I found out at the victims' press conference, which was held a few blocks from the courthouse in Norristown, Pa. Finally speaking out publicly was “liberating,” she told me. So was his prison sentence. “With him behind bars, I feel safer."
Still, much of that night remains missing from her memory. Did he put something in her glass of wine at the restaurant? Or in her food? Like so many of the other Cosby survivors, she realizes she’ll probably never get that answers to those questions. And, like so many of them, she knows she just has to live with that.
Once Stacey found her voice, though, nothing was going to stop her from using it. After my book came out, The [London] Times Magazine published a lengthy interview with her. She also recently appeared in Kamau Bell’s docuseries We Need to Talk About Cosby and a Q and A after its debut at the Sundance Film Festival.

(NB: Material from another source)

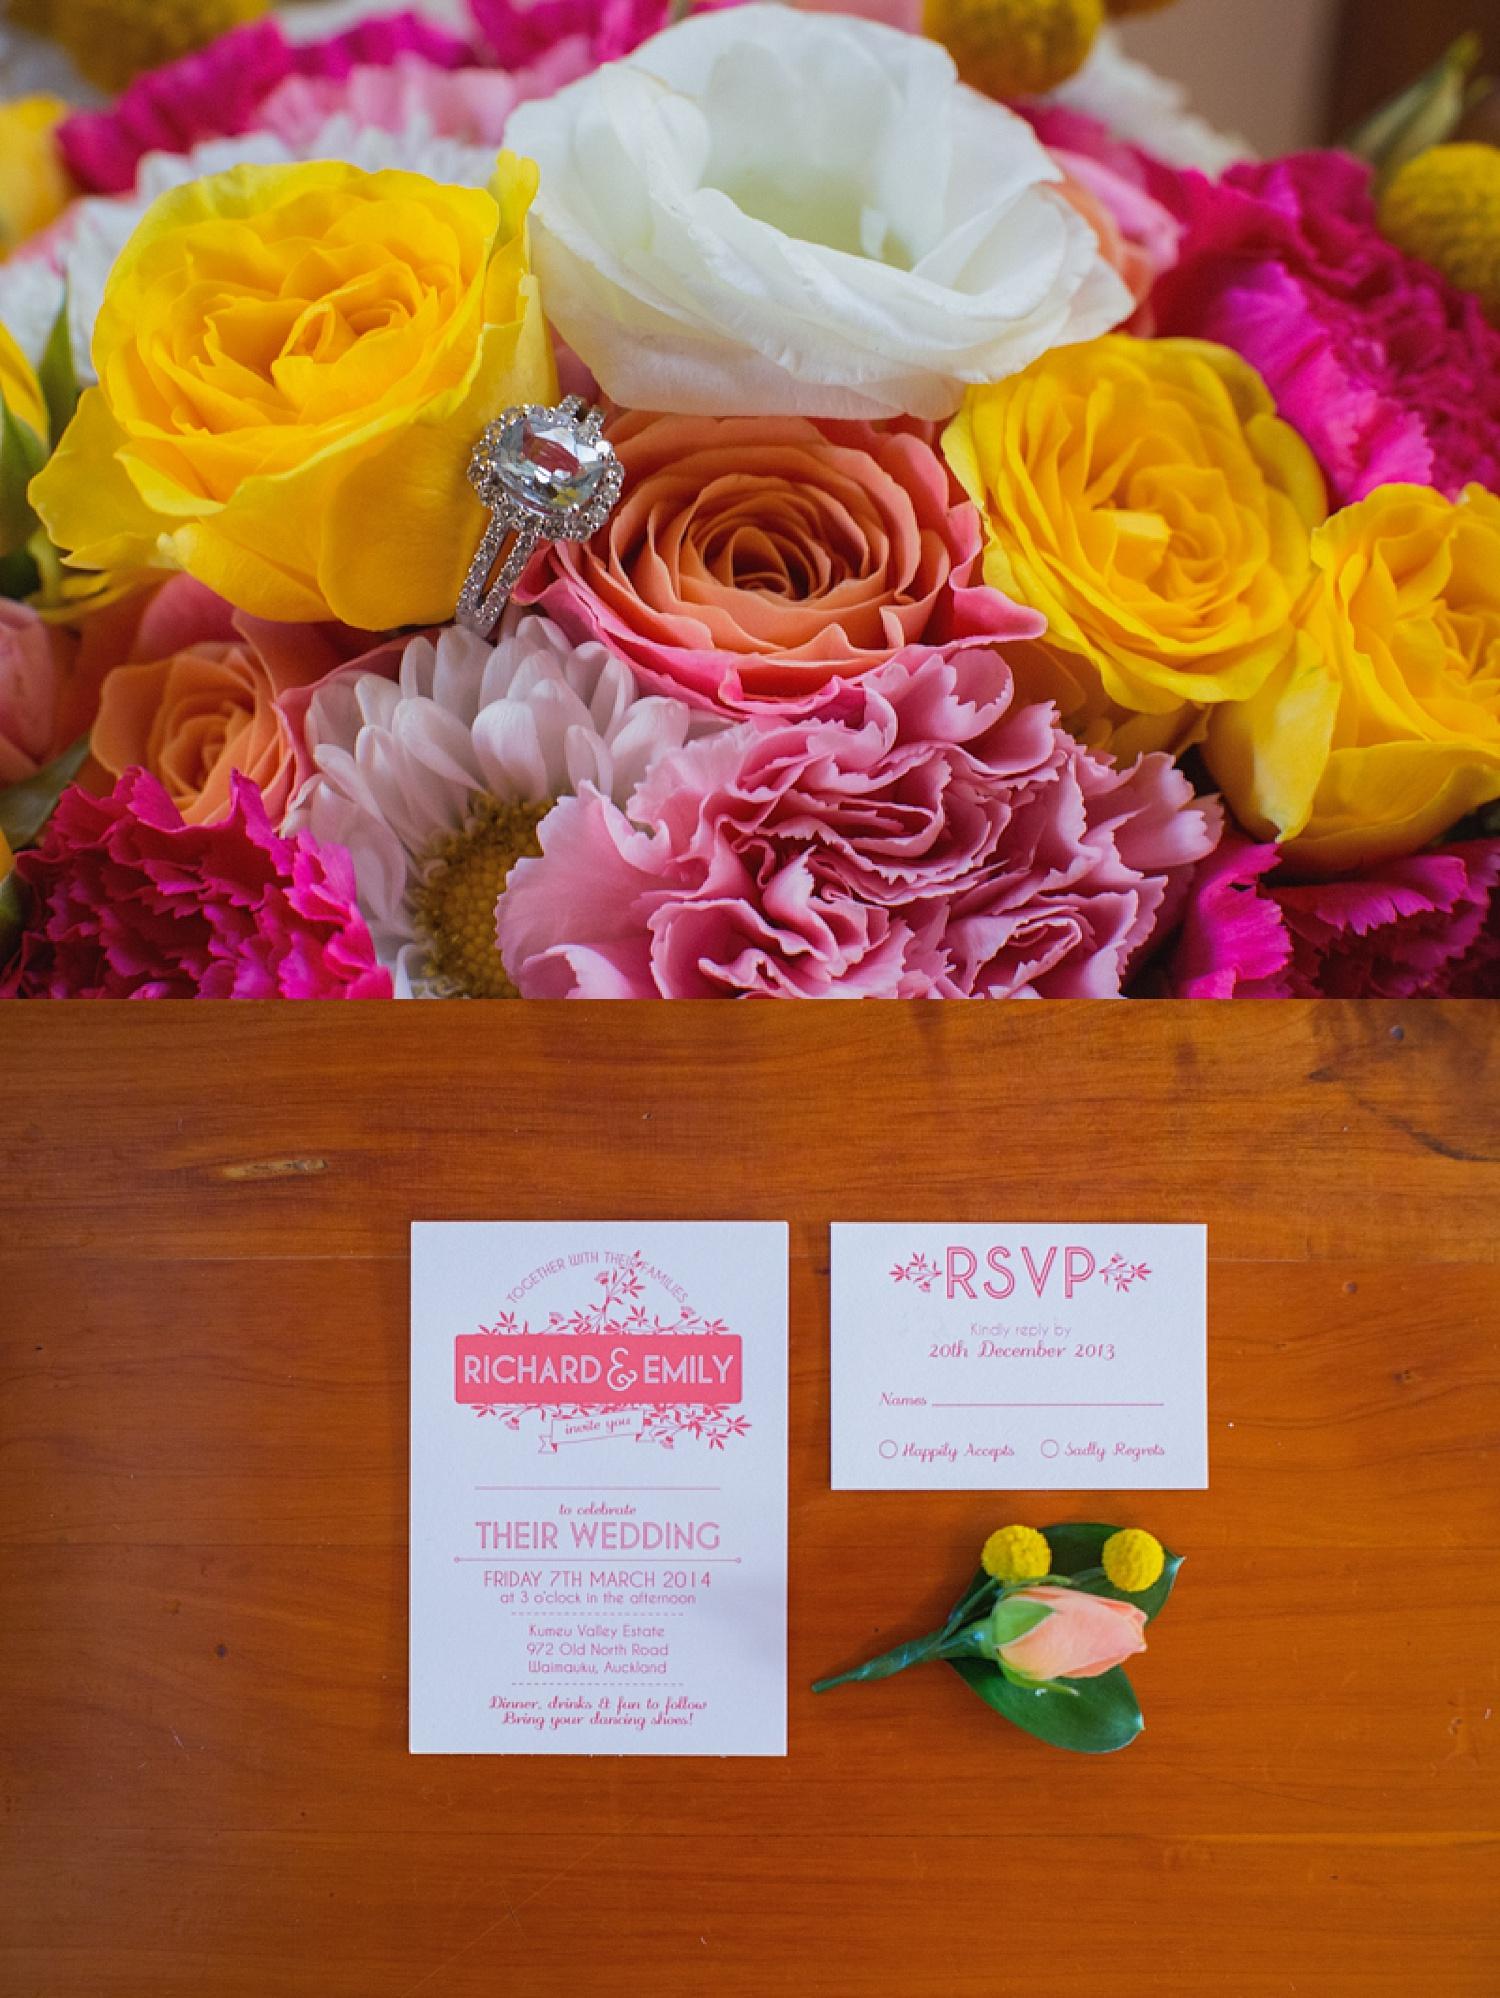 kumeu_valley_estate_wedding_0002.jpg

More important to her than the media attention, though, is raising awareness, through speaking engagements and teaching classes, about abuse of power, removing statutes of limitation on sexual assault and rape for both children and adults, and defining consent, issues that are all near and dear to her heart.
She intends to touch on all of these subjects tonight, when she will be the keynote speaker at the NWA Center for Sexual Assault’s Voices 2022 Gala in Springdale, Arkansas, not far from where she grew up and where she still spends part of each year.
“I am very passionate about using my voice for others to learn from my experiences,” she told me, and wants everyone, not just fellow sexual abuse survivors, to know “that is it never too late to use theirs.”
I’m certain this won’t be the last we hear from her.
Stacey is an awesome advocate for change!